**Collected material**
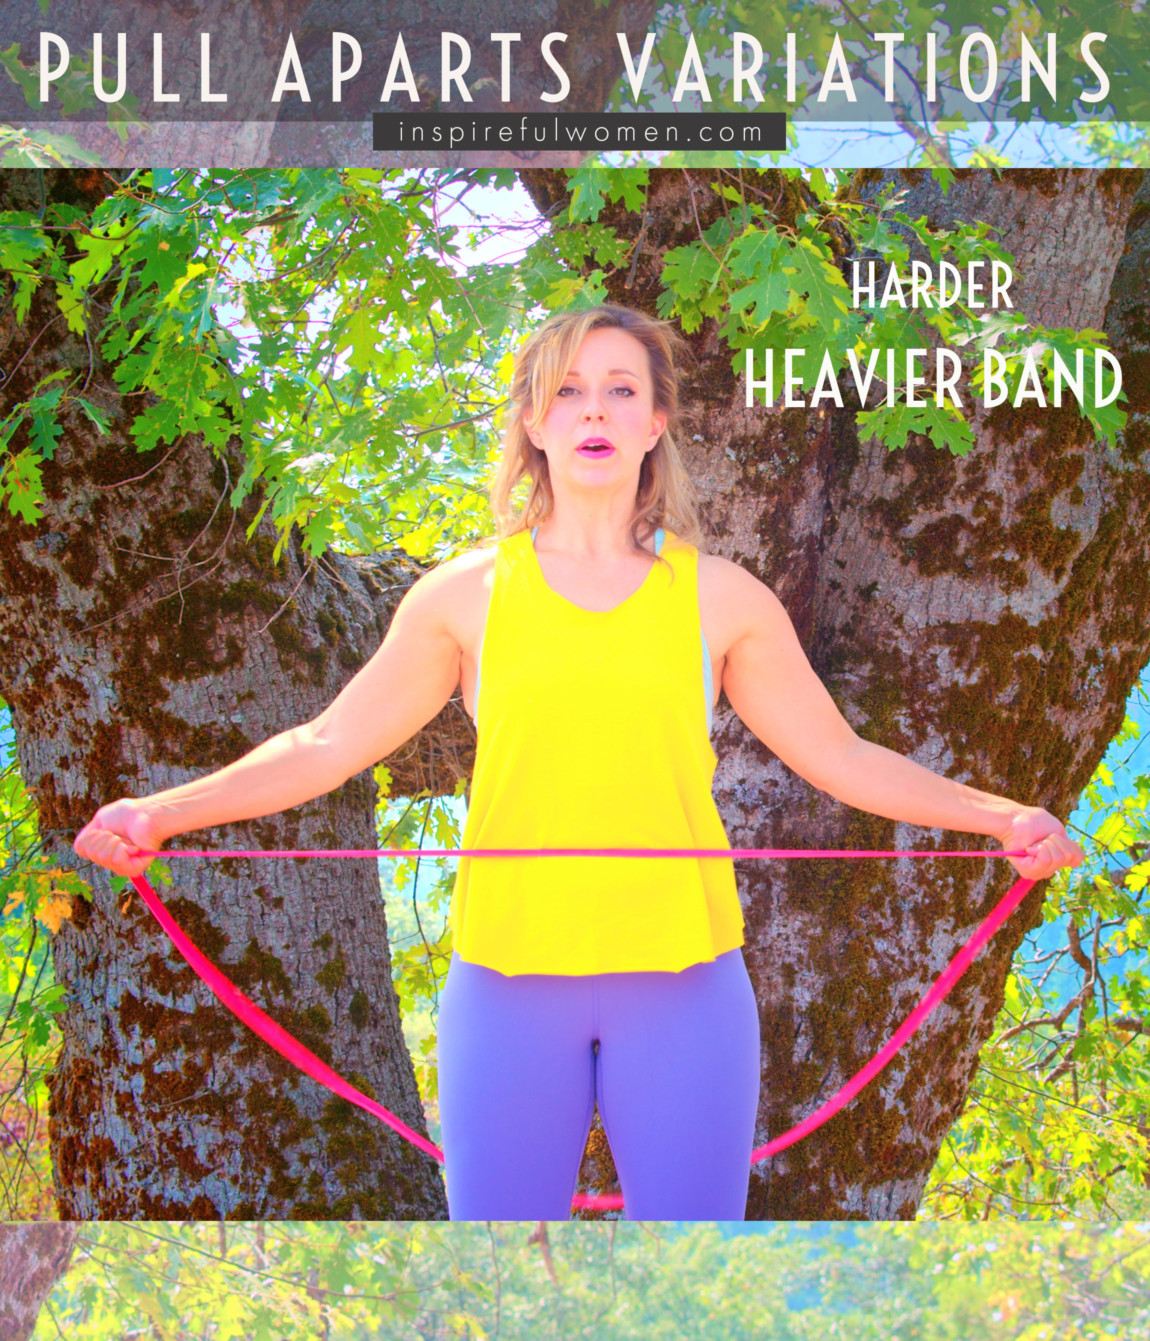 heavier-resistance-band-pull-aparts-underhand-grip-exercise-variation-harder
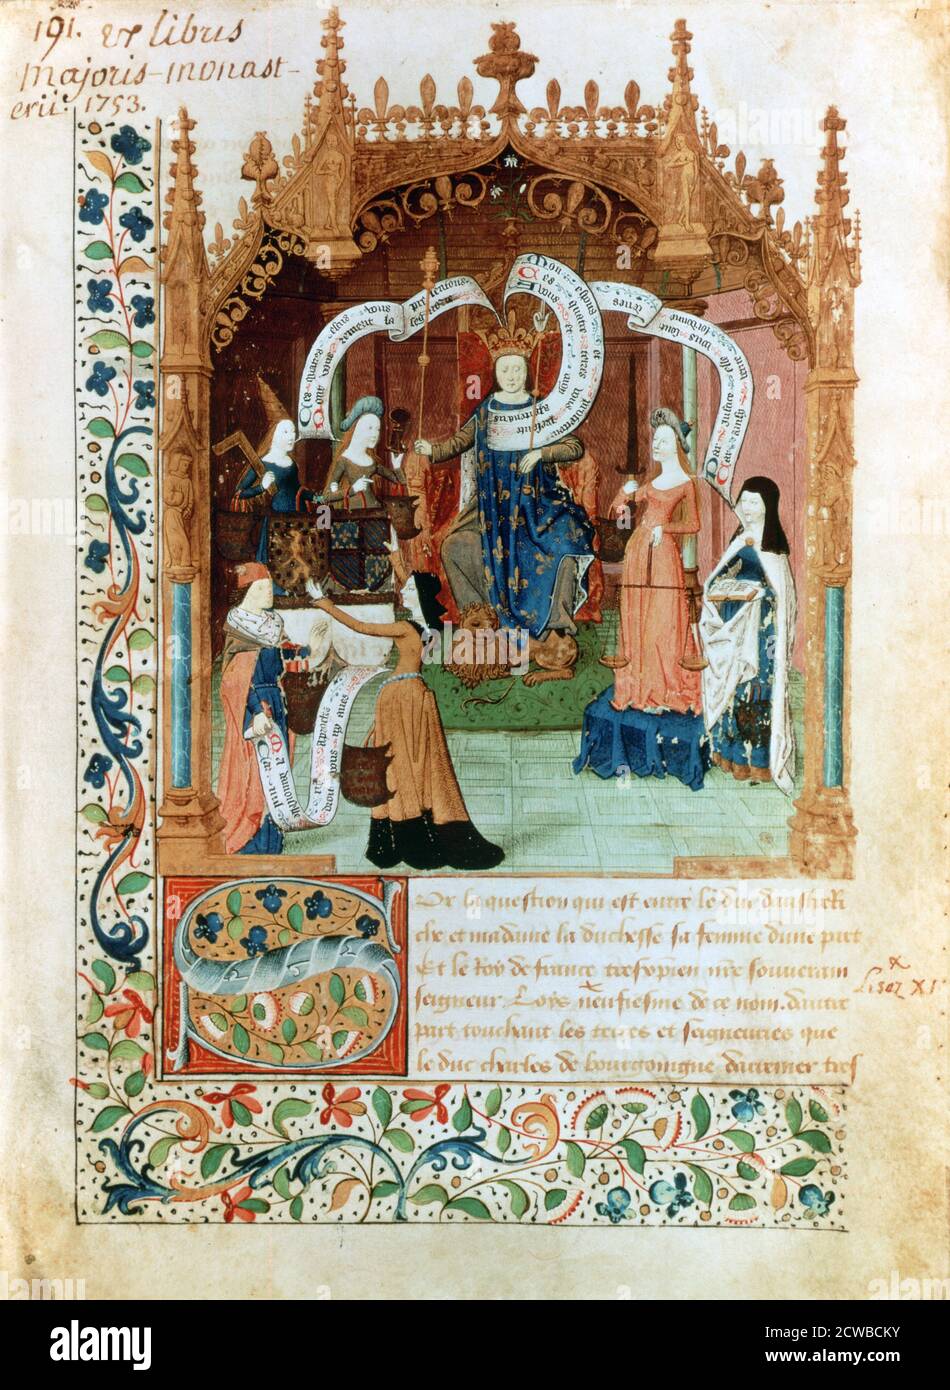 Louis XI, 15th century. Louis, with his feet on a lion, and the allegorical figures of Justice and Truth. From the collection of the Bibliotheque Nationale, Paris and the artist is unknown. Stock Photo
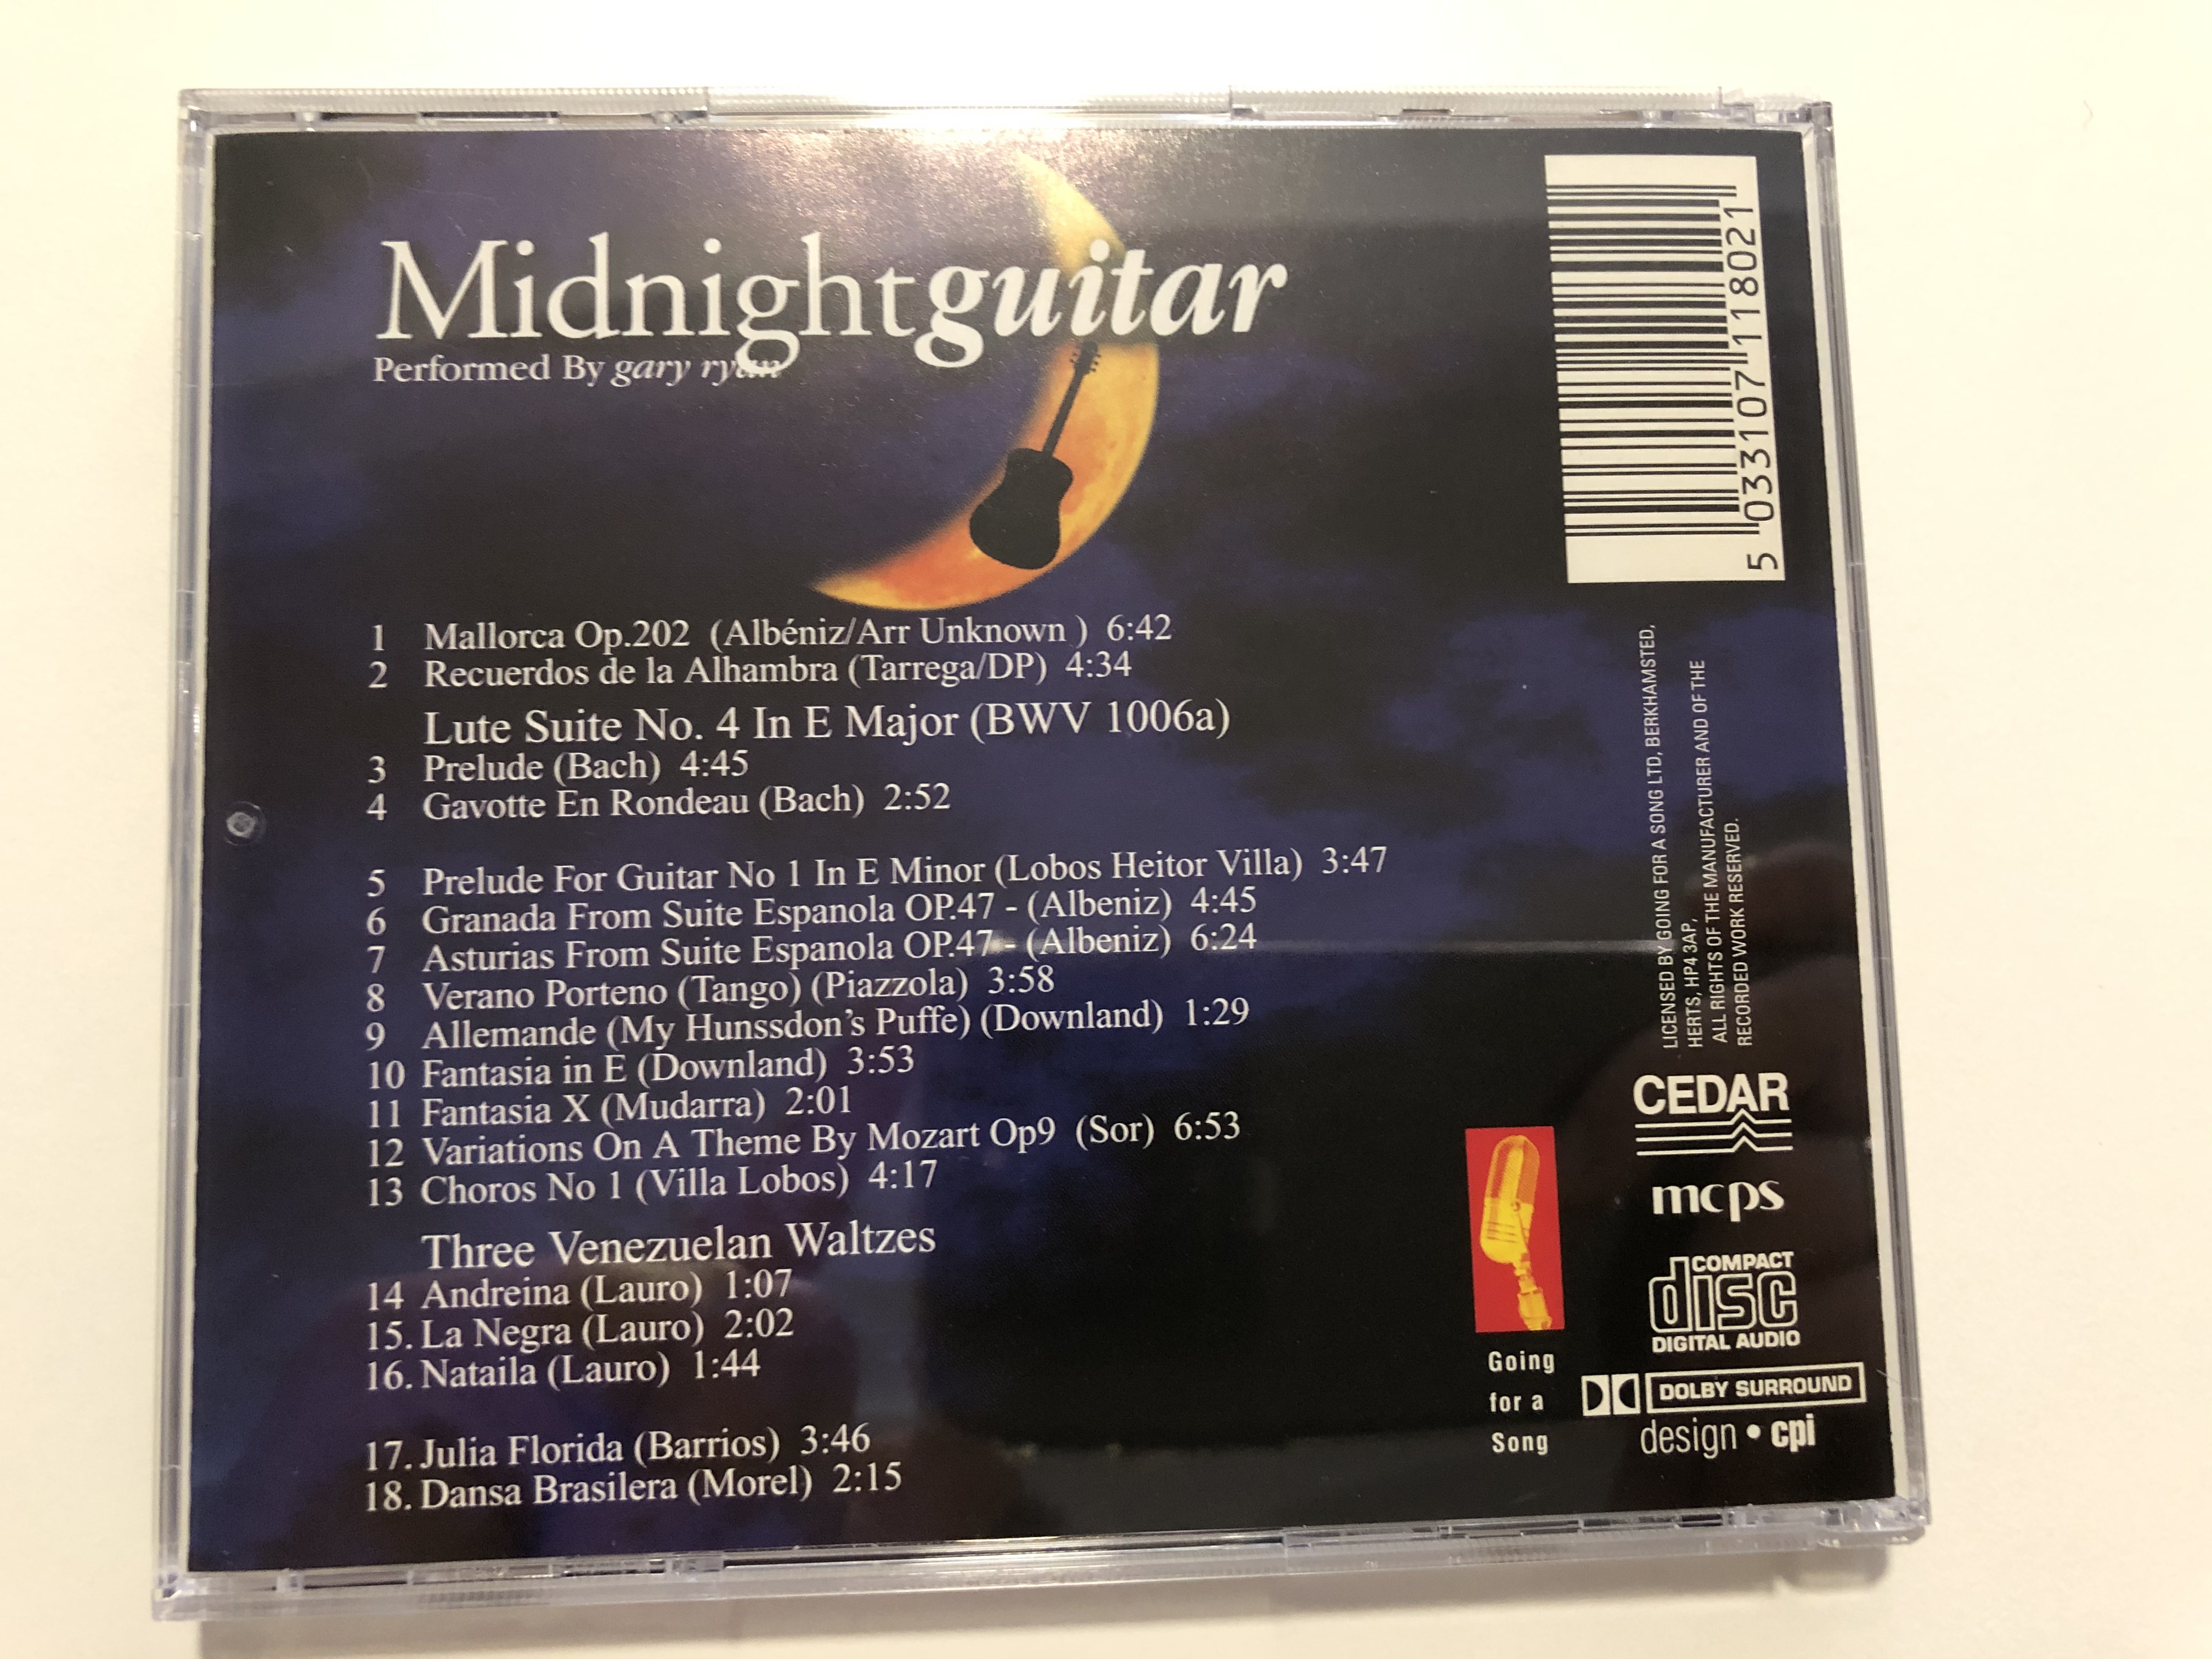 midnight-guitar-performed-by-gary-ryan-18-classical-tracks-going-for-a-song-audio-cd-gfs-180-2-.jpg

**Task instructions**
Please copy out the whole listing exactly as it stands, minus the pictures.

**Exercise result**
 heavier-resistance-band-pull-aparts-underhand-grip-exercise-variation-harder
 Louis XI, 15th century. Louis, with his feet on a lion, and the allegorical figures of Justice and Truth. From the collection of the Bibliotheque Nationale, Paris and the artist is unknown. Stock Photo
 midnight-guitar-performed-by-gary-ryan-18-classical-tracks-going-for-a-song-audio-cd-gfs-180-2-.jpg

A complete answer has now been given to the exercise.